Since the second 3 × 3 convolutional structure of the second branch acts as down-sampling, it can shrink the feature map to reduce the dimension. Therefore, the convolution in front of it is replaced with the SE attention mechanism module. In order to obtain more feature information before down-sampling, the feature map after dimensionality reduction retains more effective information and reduces the leakage and false detection of UAVs.

4.4. SPD-PAFPN

Urban infrared images have a low resolution, complex environment, and a small number of feature maps. These characteristics make it difficult to train and obtain a high-performance UAV detection model. In order to obtain more information about the UAV features in low-resolution images, the SPD-Conv [29] is added to the small object detection layer of PAFPN. The structure of the model is shown in Figure 9. The module consists of a space-to-depth layer and a non-spanning convolutional layer.

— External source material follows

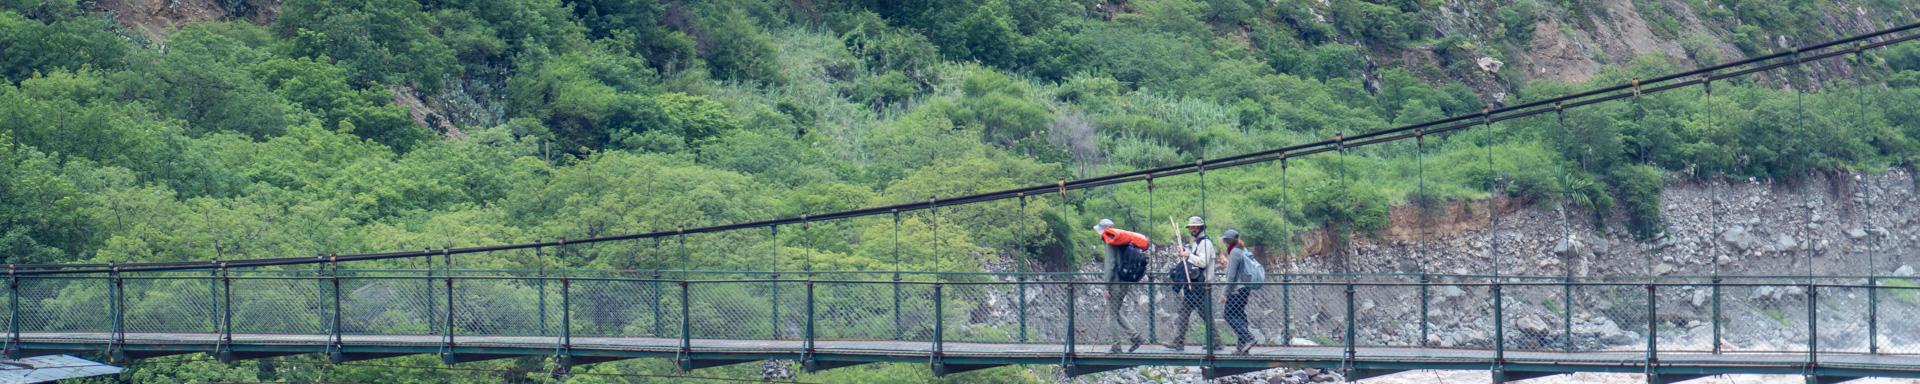 Randonnée pour Choquequirao - Deuxième pont pour attaquer la grande  ascencion finale
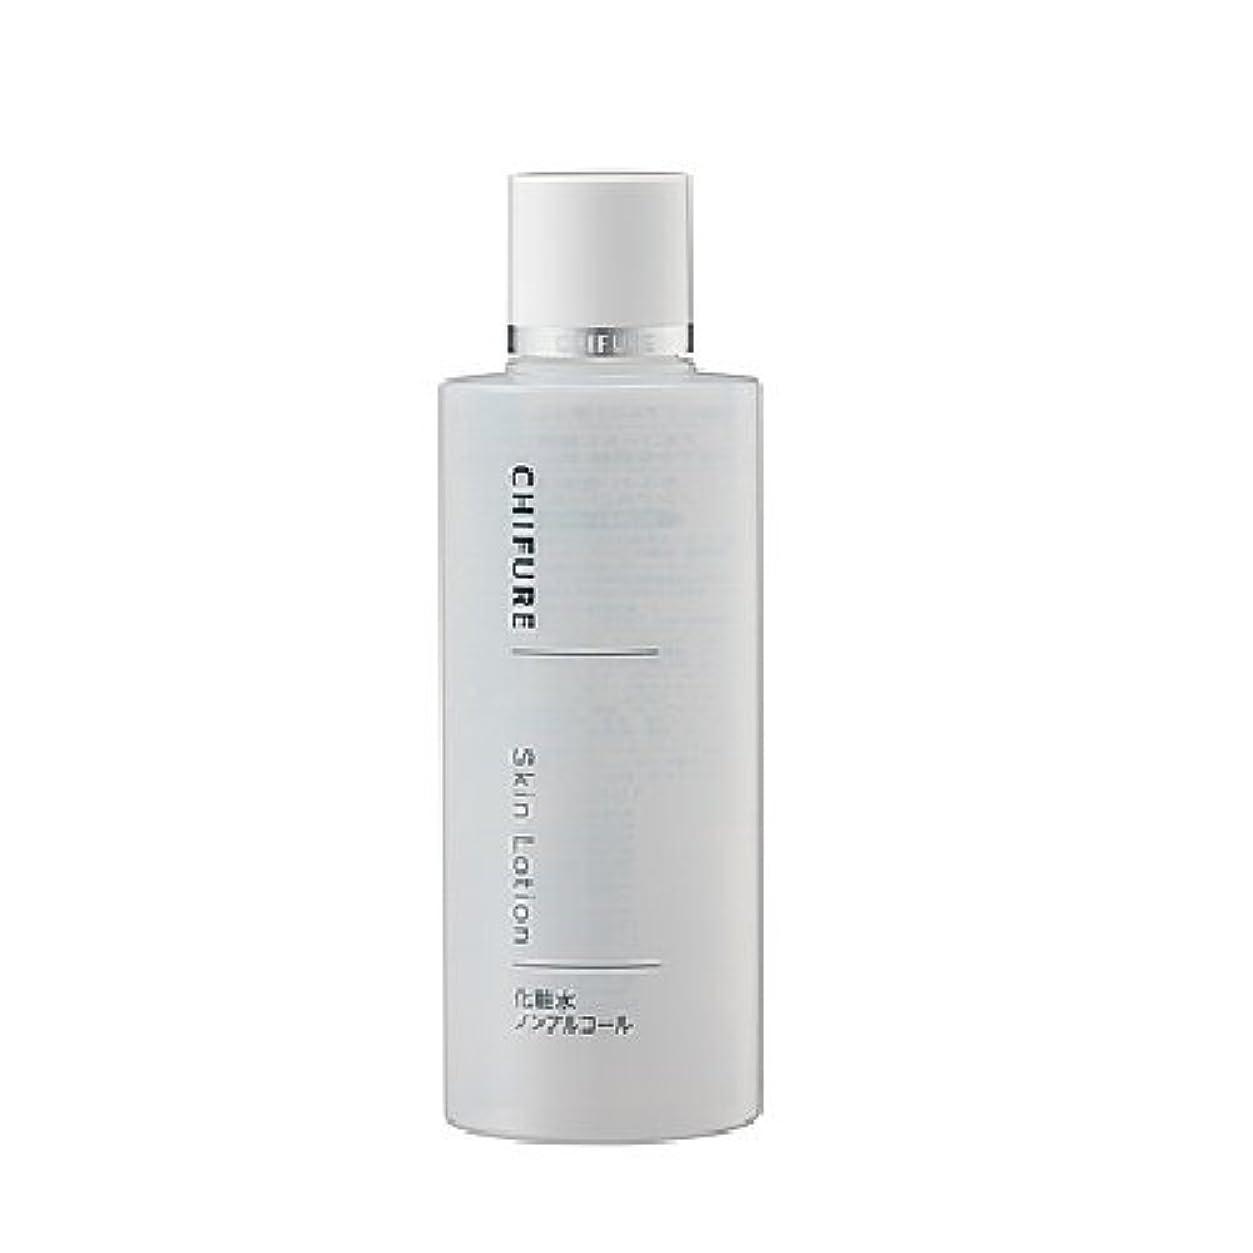 ブランク尊厳キュービックちふれ化粧品 化粧水 ノンアルコールタイプ 180ML

This combination reduces the size of the spatial dimension without losing information. It also retains the information in the channel, which helps to improve the performance of CNN for detecting small object UAVs in low-resolution images.

We use this structure to reduce the dimensionality of input feature maps. The input feature map X is of size S × S × C. When the scale factor scale = 2, the original feature map X is sliced into four sub-feature maps with feature identification information according to a scale of 2. The size of the obtained feature map is S/2 × S/2 × C. The sub-feature maps are then connected along the channel dimension, which is used to obtain a feature map X’ of size S/2 × S/2 × 4C. This method avoids excessive feature information loss.

The convolutional layer with the stride of 1 is connected after acquiring the features. Unlike stepwise convolution, non-stepwise convolution does not move over the feature map. Instead, it performs a convolution operation on each pixel feature map. Such an approach helps to reduce the problem of oversampling that may occur in the SPD layer and retains more fine-grained information. The non-stepwise convolutional layer has 4C filters,

4 C < {(s c a l e C)}^{2}

. The feature map X’ is further transformed so that as much discriminative feature information as possible can be retained to facilitate the detection task. The specific calculation formula is shown in (5), where s is the independent variable and takes a natural number greater than or equal to 1.

f_{s - 1, s - 1} = X [s - 1 : S : s, s - 1 : S : s] .

(5)

As for solving the problem of UAV detection in low-resolution images, the SPD-Conv is added in the PAFPN feature fusion stage. This can obtain more effective feature information in low-resolution images for detecting UAVs with small objects. In addition, we can use the P4 and P5 layers to detect medium or large objects.

5. Experiments and Analysis

Our proposed all-time detection algorithm has good performance for the detection of UAV objects with multi-scale sizes. We validate the feasibility of our method through comparative experiments and ablation experiments. In this section, we cover the model experimental environment and parameter settings in turn. The evaluation indexes of this experiment are listed in the paper and the results are analyzed.

5.1. Experimental Equipment and Hyperparameter Settings

The computer configurations used for the experimental model training and inference speed test in this paper are as follows. The GPU accelerated graphics card is Tesla T4. The operating system is a 64-bit Ubuntu 16.04.7 system. The deep learning development environment employs Pytorch 1.8.1. The data are divided into three parts: training set, validation set, and test set, according to the ratio of 7:2:1. The parameter configuration of the network model is shown in Table 3.

5.2. Evaluation Metrics

The evaluation metrics used in this experiment are mean accuracy (mAP), probability of detection (P), recall (R), F1-score, and model prediction speed in the unit of Frames Per Second (FPS). The mAP is the average accuracy of all categories and is calculated by the formula as in (6). mAP50 is the prediction value of AP when the intersection of prediction frame and truth frame is thresholded to be 0.5. The larger the value is, the proof that the model’s overall detection performance is better. The average accuracy described in this paper is the mAP50. The P is the probability of predicting all the samples to be positive samples, calculated as in (7). The R is the probability of the actual positive samples to be correctly predicted by the model, calculated as in (8). The F1-score indicates the tuning level of the P and R for different models, calculated as in (9). FPS reflects the refresh rate of the model’s inference speed and is calculated as in (10).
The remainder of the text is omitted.